PROBLEM ▸
Repeat the lines from the one containing "ssk-876 hmcs victoria" through the last line of the data, exactly, pictures omitted.

COLLECTED DATA START

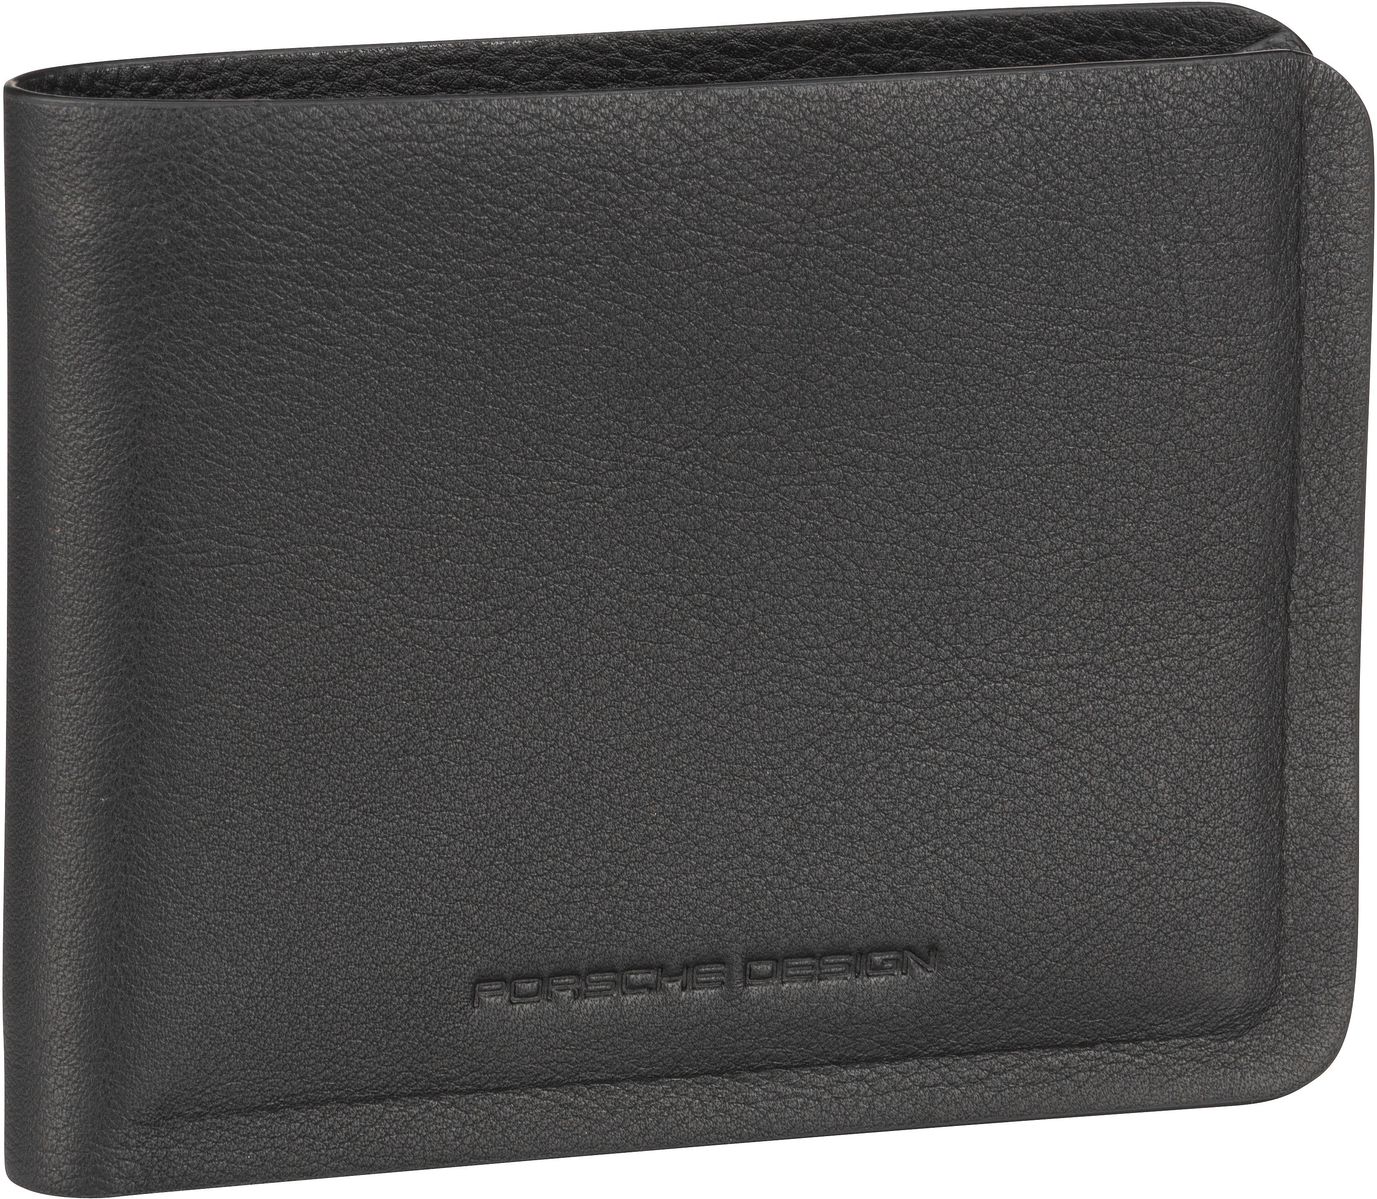 Porsche Design Seamless Wallet Billfold S - Black
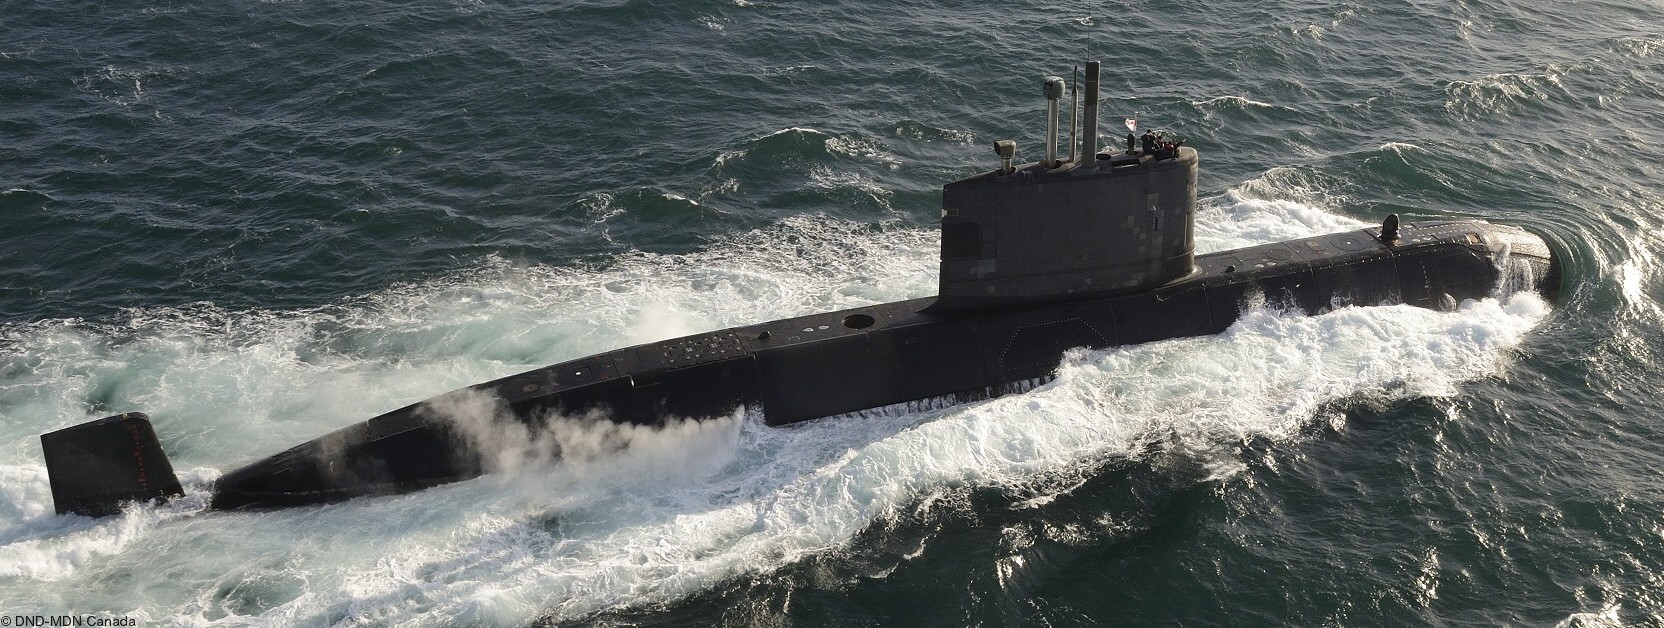 ssk-876 hmcs victoria upholder class attack submarine hunter killer ncsm royal canadian navy 46
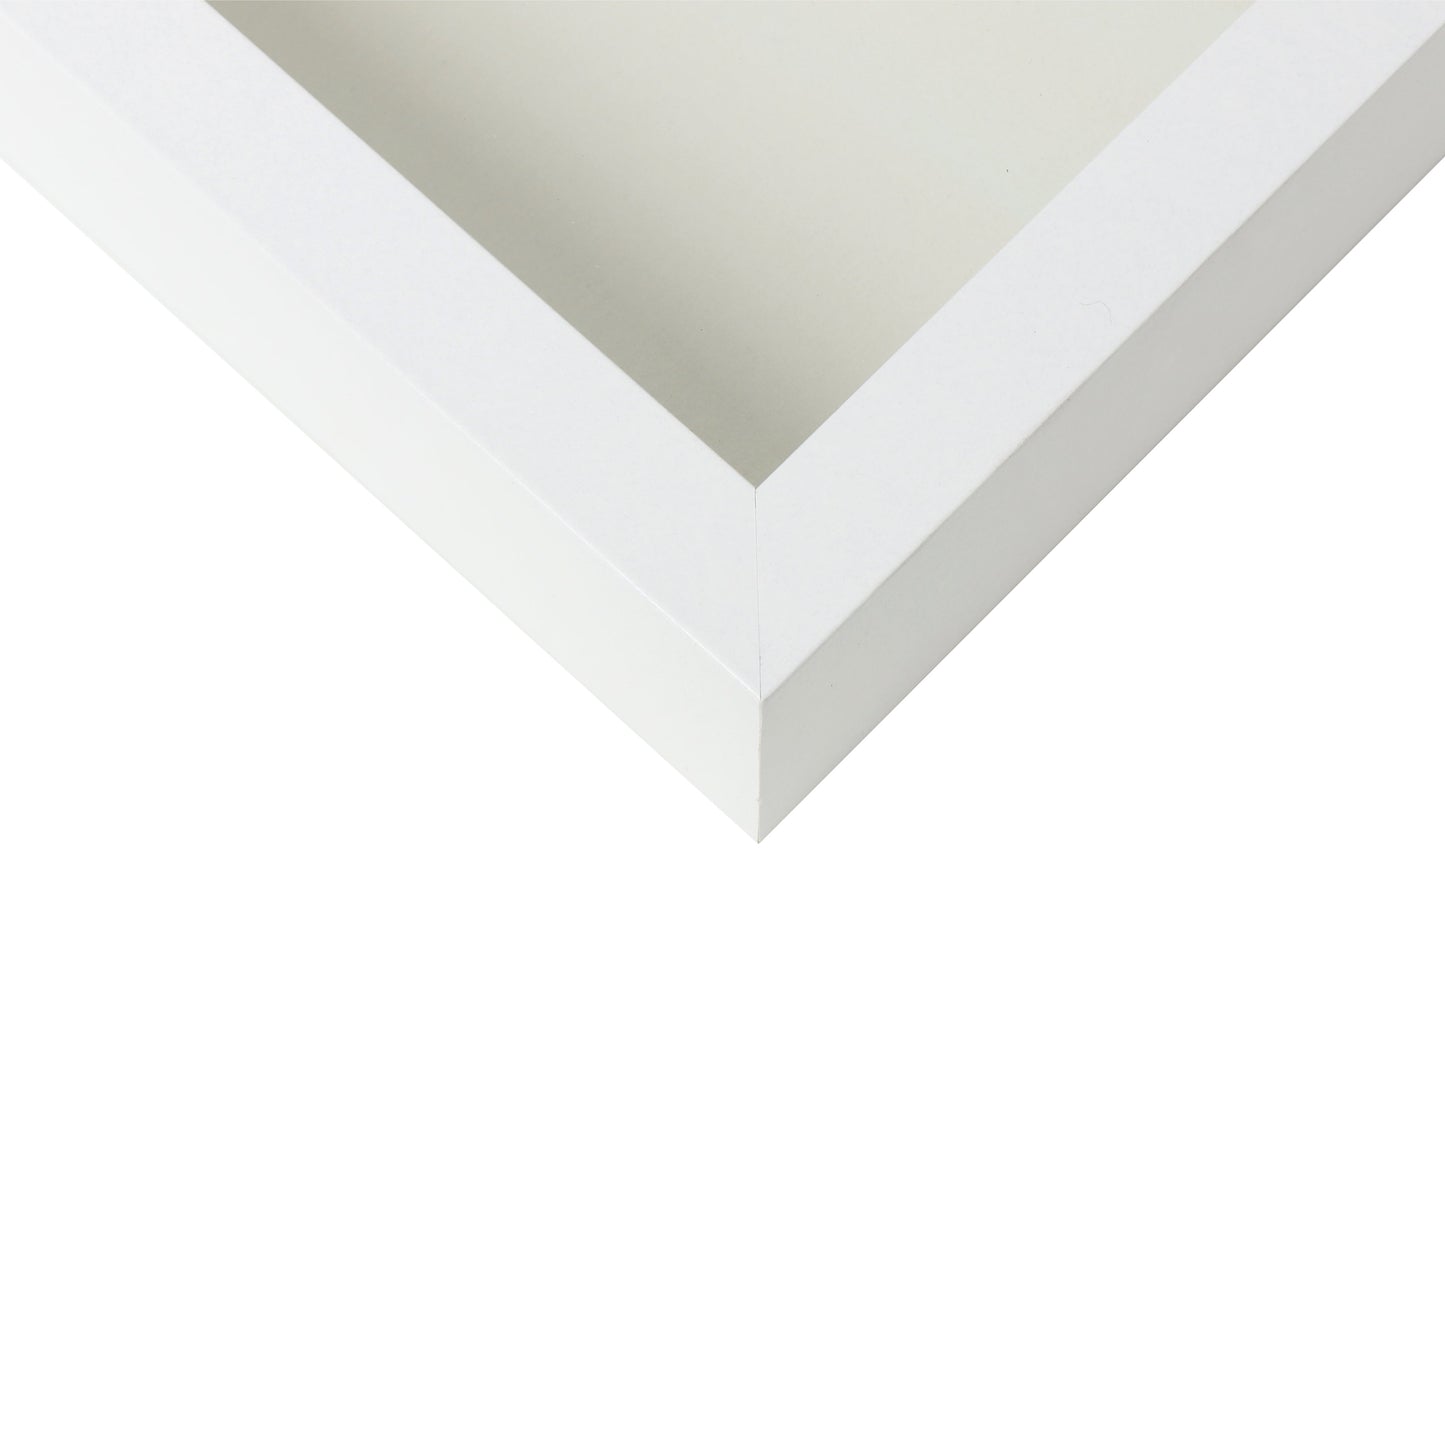 8.5” x 11” White Wood Shadow Box Frame

COLLECTED DATA END

OUTPUT OF THE EXERCISE ▸
 ssk-876 hmcs victoria upholder class attack submarine hunter killer ncsm royal canadian navy 46
 8.5” x 11” White Wood Shadow Box Frame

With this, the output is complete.